Spesso si sente dire che questa legge potrebbe creare nuovi reati di opinione, è proprio così?

Intanto, come accennavo sopra, l’approvazione di questa legge amplierebbe l’elenco dei motivi di discriminazione che rilevano ai fini dell’art. 604-bis del codice penale che già punisce la propaganda e l’istigazione a delinquere per motivi di discriminazione razziale etnica e religiosa, dunque si limiterebbe ad integrare un impianto normativo esistente colmando un’evidente lacuna. Non si vede infatti perché l’elemento etnico-razziale o religioso dovrebbe assumere una rilevanza superiore o meritare un riconoscimento normativo che sesso, orientamento sessuale e identità di genere non meriterebbero. Dal mio punto di vista chi critica questa proposta di legge dovrebbe contestualmente proporre l’abrogazione delle disposizioni vigenti, di tutte quelle che intersecano la libertà di opinione e, insieme, individuare con chiarezza le strade, alternative al diritto penale, più adeguate e efficaci per lo sradicamento della visione patriarcale, maschilista e xenofoba che sta alla base di tutte le forme di discriminazione citate, e permea ancora con forza la nostra società. Detto questo, mi pare che rispetto alla questione “reati di opinione” vada segnalato l’emendamento, approvato nei giorni scorsi dai partiti della maggioranza insieme a Forza Italia, con il quale si chiarisce che “Ai sensi della presente legge, sono consentite la libera espressione di convincimenti od opinioni nonché le condotte legittime riconducibili al pluralismo delle idee e alla libertà delle scelte”. La formulazione, forse migliorabile, sta a significare che le condotte espressive devono comunque concretizzare una propaganda, o un’istigazione, idonea in concreto a rappresentare l’anticamera di atti di discriminazione. Una lettura costituzionalmente orientata delle previsioni avrebbe portato comunque verso questa interpretazione; va precisato che la giurisprudenza costituzionale ha sempre sottolineato che per propaganda non si intende una mera diffusione di idee ma un’azione tesa ad incidere sullo stato mentale e psicologico altrui nonché sui comportamenti, idonea a condizionare altre persone e a sollecitarne un’attitudine odiosa e discriminatoria.
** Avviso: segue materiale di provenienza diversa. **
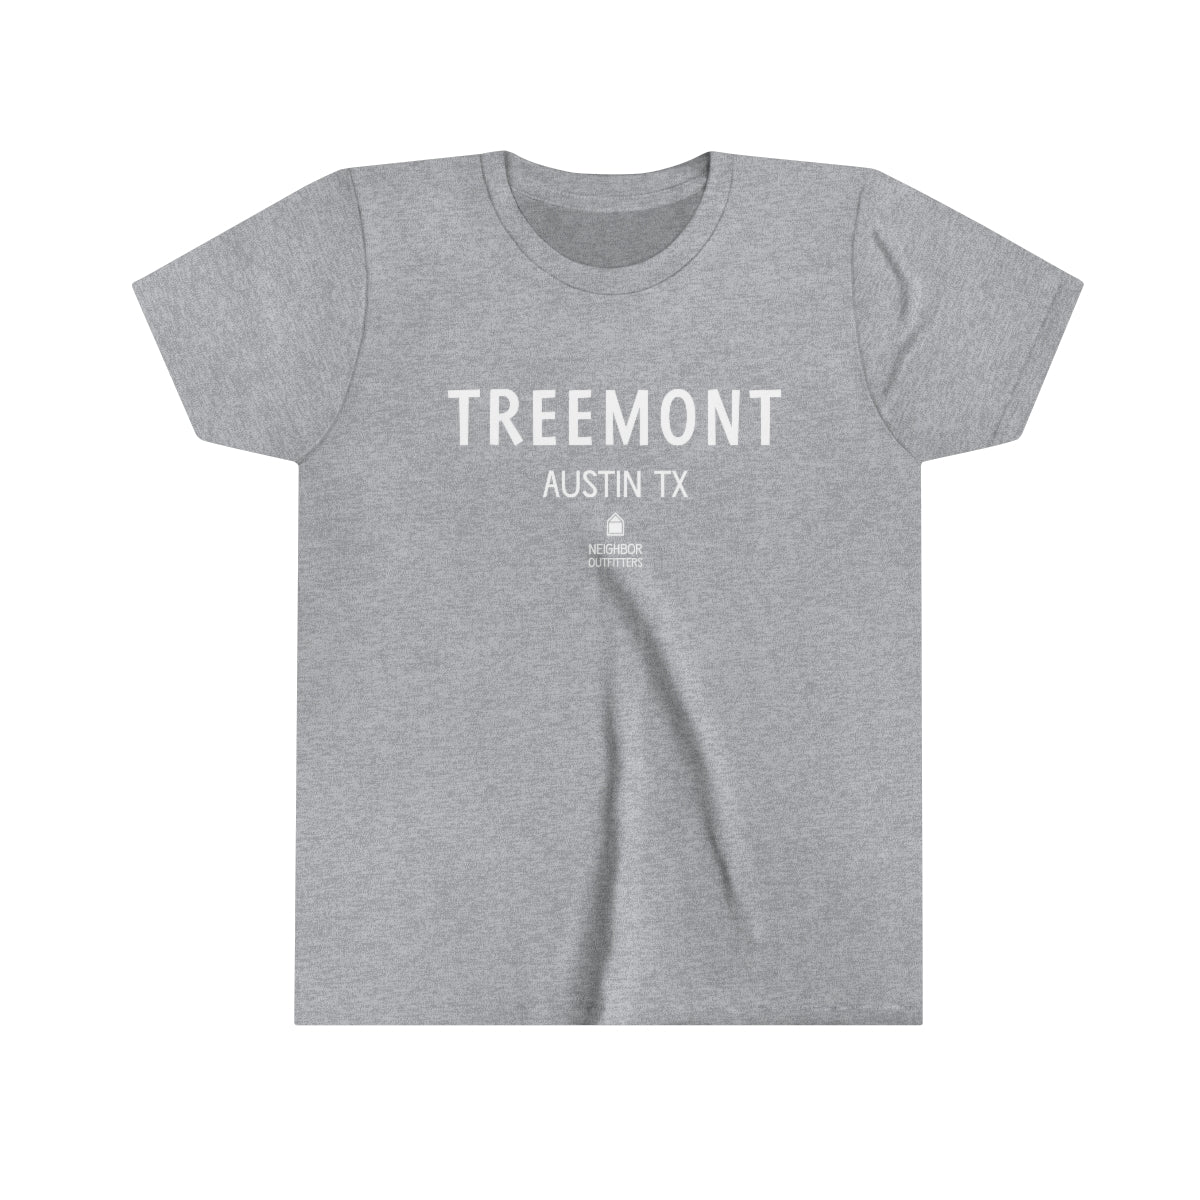 Kids Treemont T-shirt: "Playground"

Va inoltre ricordato che il significato proprio dell’art. 604-bis è stato individuato dalla Cassazione nella garanzia del principio di eguaglianza e nel rispetto della dignità umana.
D’altra parte, inserire espressamente all’interno del testo normativo una clausola che è stata definita “salva-idee” può contribuire ad arginare le preoccupazioni di chi ritiene che sulla base di questa legge potrebbe domani essere sanzionato chi si esprime politicamente, ideologicamente, contro la maternità surrogata, il matrimonio egualitario o altro ancora.

La libertà di manifestazione del pensiero è un diritto assoluto o conosce limiti precisi?

Il tema ovviamente è molto ampio e complesso. Nel nostro ordinamento la libertà di manifestazione del pensiero è com’è noto disciplinata dall’art. 21 della Costituzione che la tutela in tutte le sue forme e strumenti di esercizio, stabilendo un unico limite espresso, quello del buon costume. Nozione vaga ed estremamente variabile nel tempo, che è oggi interpretata essenzialmente come protezione del pudore sessuale, in particolare con riferimento ai minori. In realtà, nonostante l’art. 21 affermi un unico limite alla libertà di espressione, altri limiti sono stati costruiti dal legislatore nel bilanciamento con altri diritti e interessi costituzionalmente garantiti. Basti pensare ai limiti derivanti dalla tutela della riservatezza, dalla protezione dei dati personali, dalla preservazione della sicurezza dello Stato, dalla tutela dell’onore e della reputazione delle persone (in cui trovano fondamento i reati di ingiuria e di diffamazione, evidentemente limitativi della libertà di espressione). Se poi si amplia lo sguardo al sistema del Consiglio d’Europa, si constata come la libertà di espressione tutelata dall’art. 10 della Convenzione europea dei diritti dell’uomo non ha impedito alla Corte di Strasburgo di dar vita ad una giurisprudenza molto proattiva nel contrasto al razzismo e alla xenofobia, tanto da “orientare” l’adozione già nel 2008 di una decisione quadro a livello europeo sulla lotta contro razzismo e xenofobia attraverso il diritto penale.
L’art. 10, c. 2 della CEDU stabilisce che l’esercizio della libertà di espressione possa essere sottoposto a condizioni o restrizioni a condizione che siano previste dalla legge e che “costituiscano misure necessarie, in una società democratica, alla sicurezza nazionale, all’integrità territoriale o alla pubblica sicurezza, alla difesa dell’ordine e alla prevenzione dei reati, alla protezione della salute o della morale, alla protezione della reputazione o dei diritti altrui, per impedire la divulgazione di informazioni riservate o per garantire l’autorità e l’imparzialità del potere giudiziario”.
La Corte su questa base ha nel tempo costruito una giurisprudenza spiccatamente “dignitarista”, cioè ha sottolineato il valore della protezione dell’onore, della reputazione e dei diritti altrui anche rispetto alla manifestazioni del pensiero odiose, discriminatorie, negazioniste; è proprio la giurisprudenza della Corte EDU che nel tempo ha mostrato la distanza tra il modello europeo di bilanciamento tra libertà di espressione, eguaglianza e dignità umana e quello nord-americano, che pone al centro del sistema costituzionale la freedom of expression assicurandole una protezione pressoché incondizionata.
Guardando ai temi che qui ci interessano, proprio un mese e mezzo fa la Corte ha dichiarato inammissibile il ricorso presentato da un cittadino islandese, in quanto non costituirebbe violazione della libertà di espressione la condanna penale dello stesso per avere formulato commenti denigratori verso le persone omosessuali durante una trasmissione radiofonica.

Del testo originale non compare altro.